- [Available records]:
_____

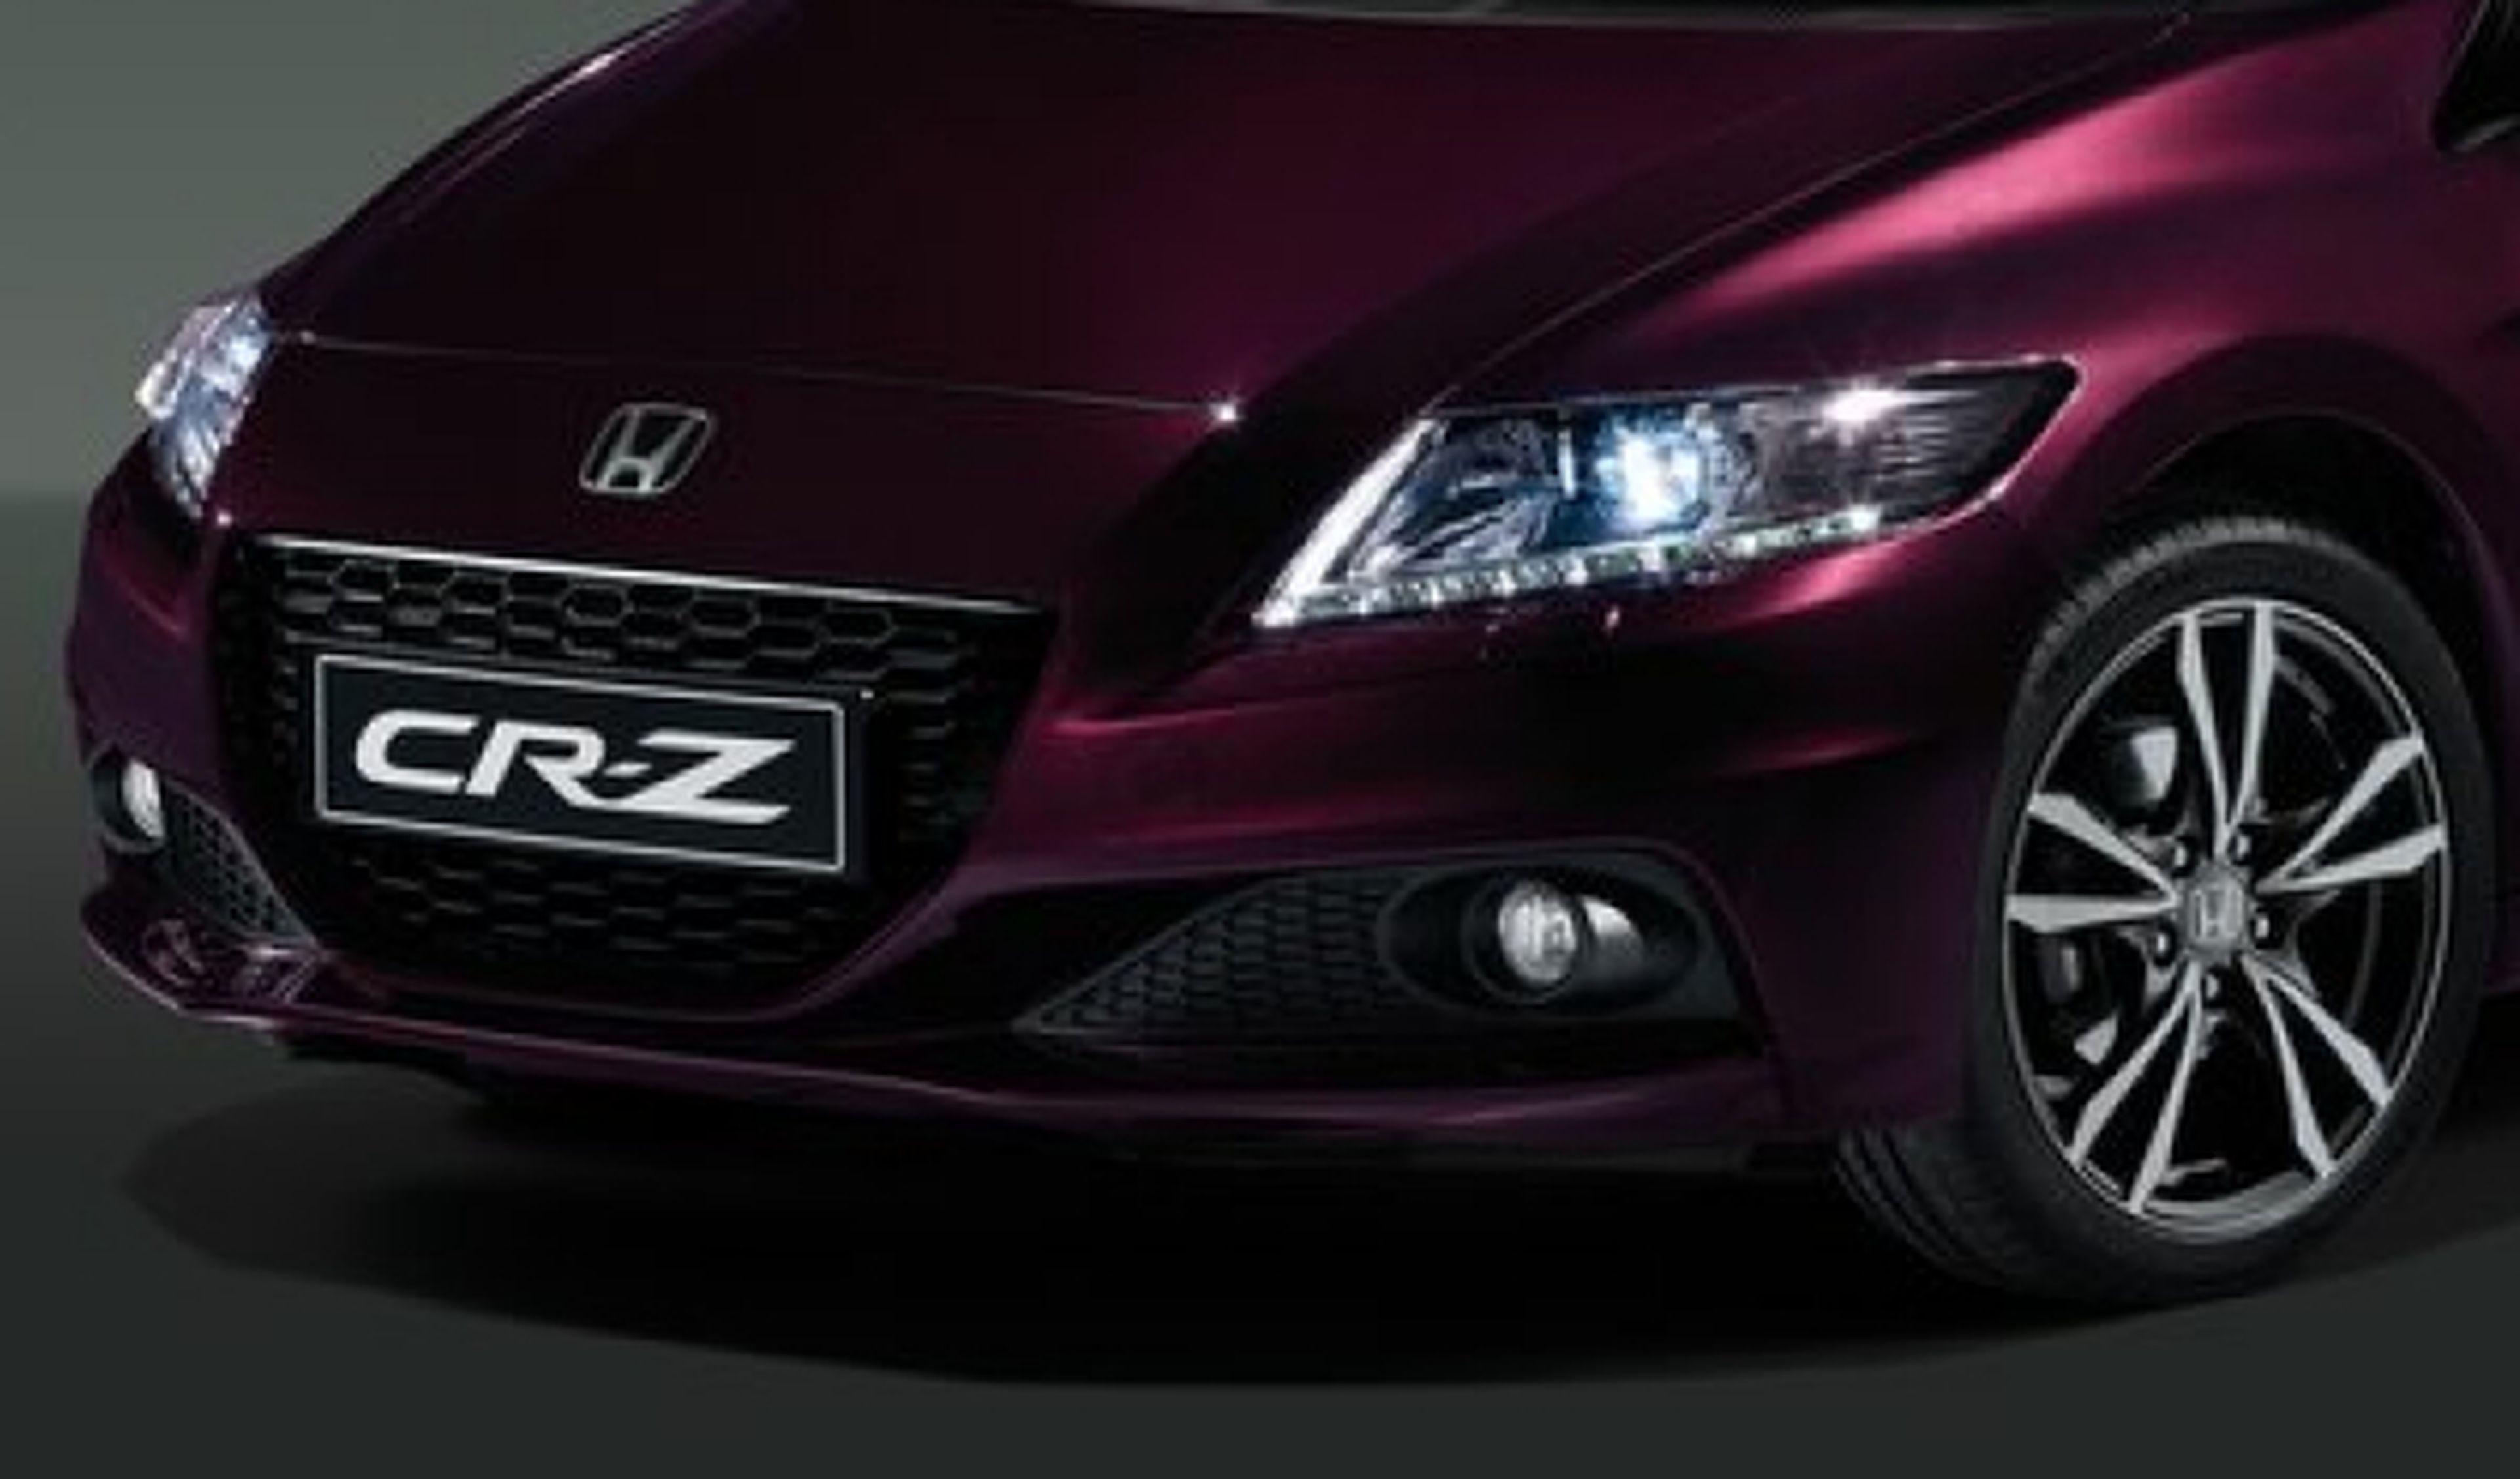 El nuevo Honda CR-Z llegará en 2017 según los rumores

_____

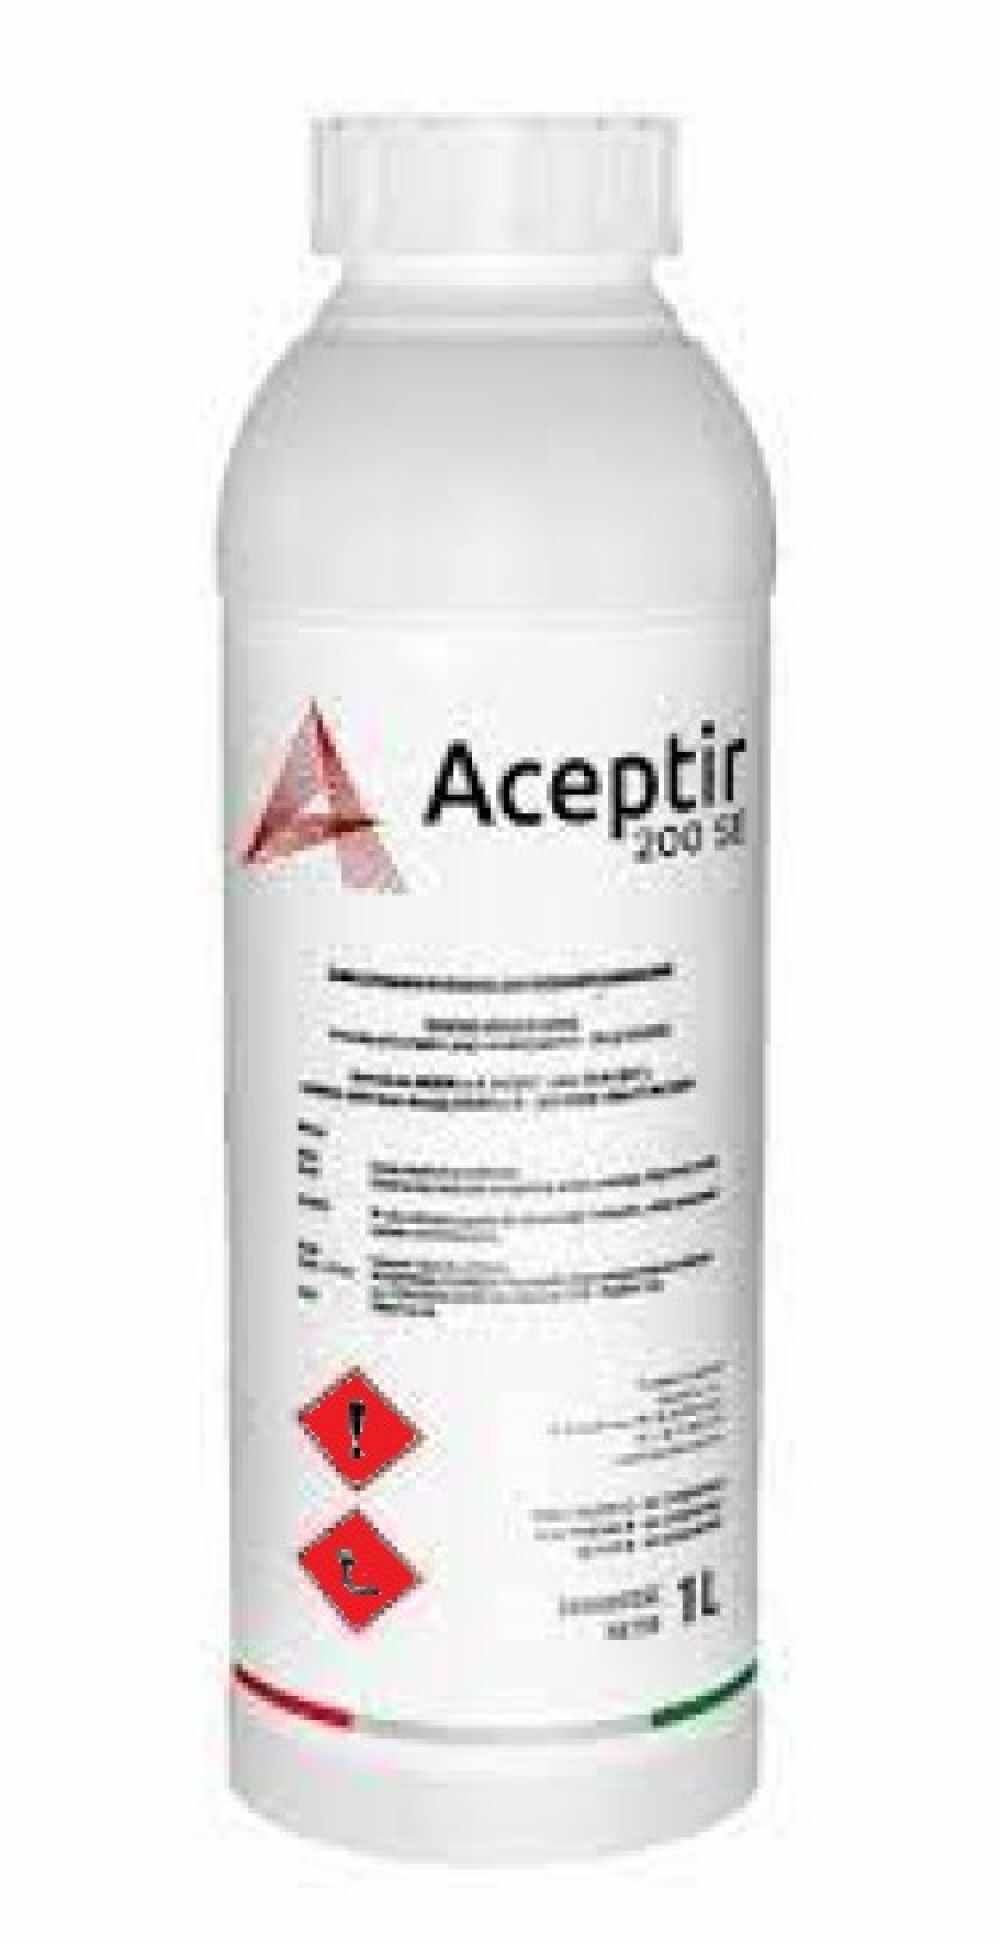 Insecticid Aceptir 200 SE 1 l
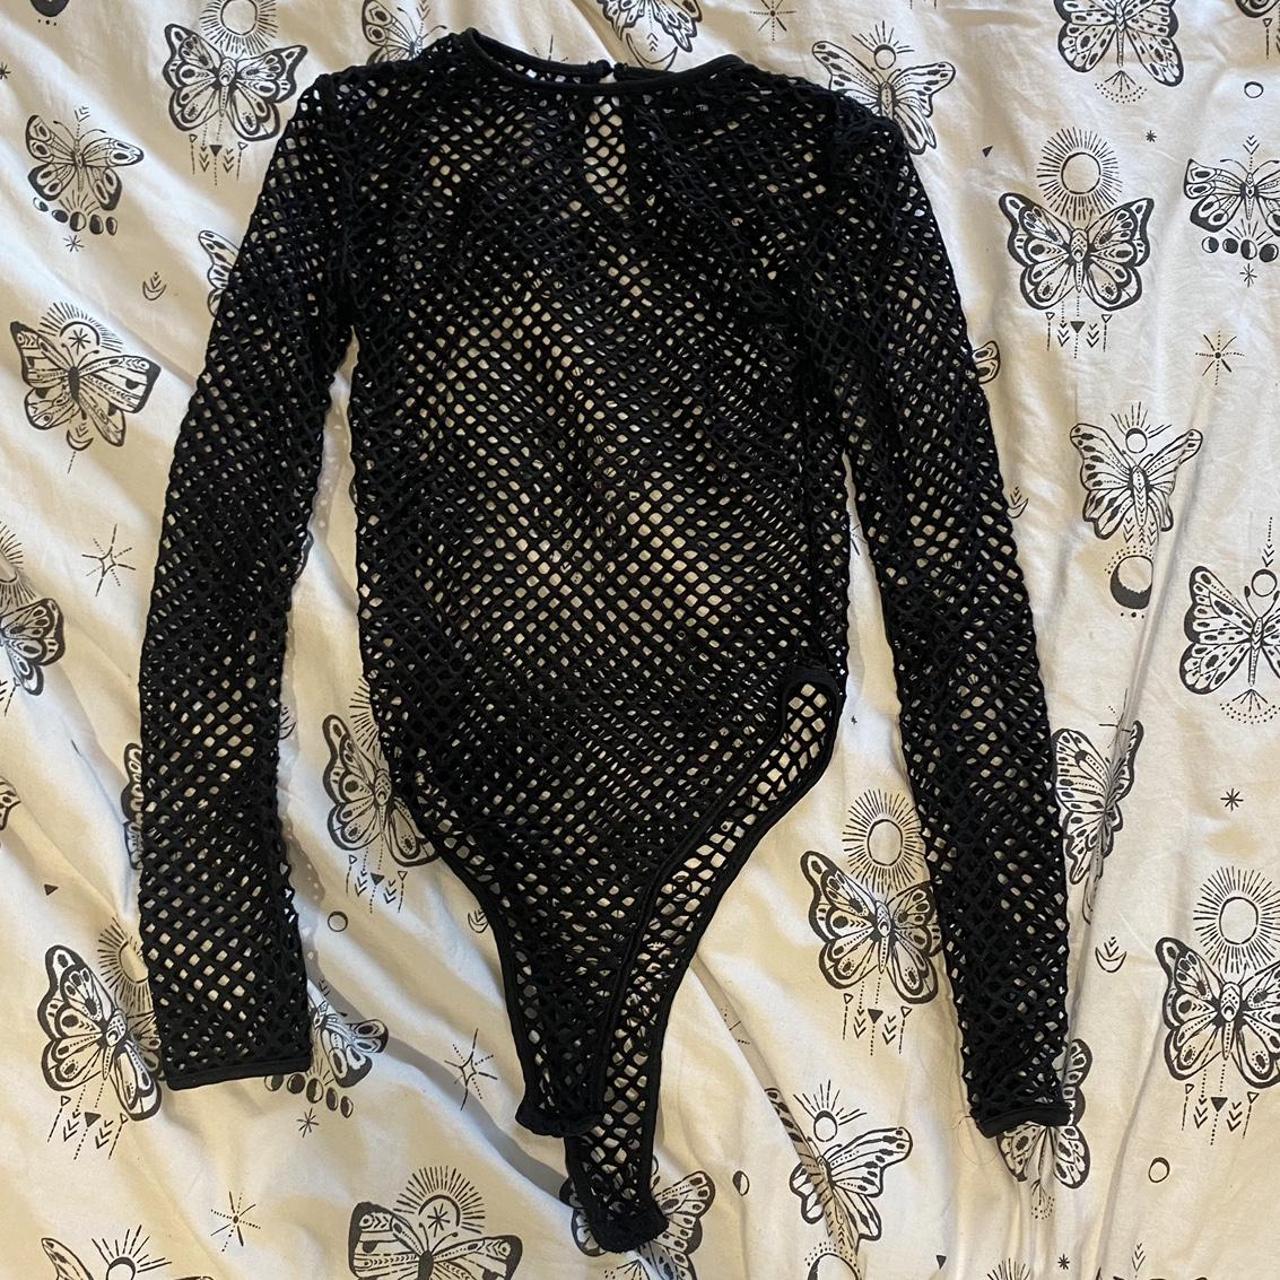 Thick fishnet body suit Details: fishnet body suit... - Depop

_____

- [What you have to do]: Copy out exactly the lines above beginning with the line that contains "Insecticid Aceptir 200 SE 1 l" and finishing with the line that contains "Thick fishnet body", including both; leave the pictures out.

- [Answer to this exercise]:
 Insecticid Aceptir 200 SE 1 l
 Thick fishnet body suit Details: fishnet body suit... - Depop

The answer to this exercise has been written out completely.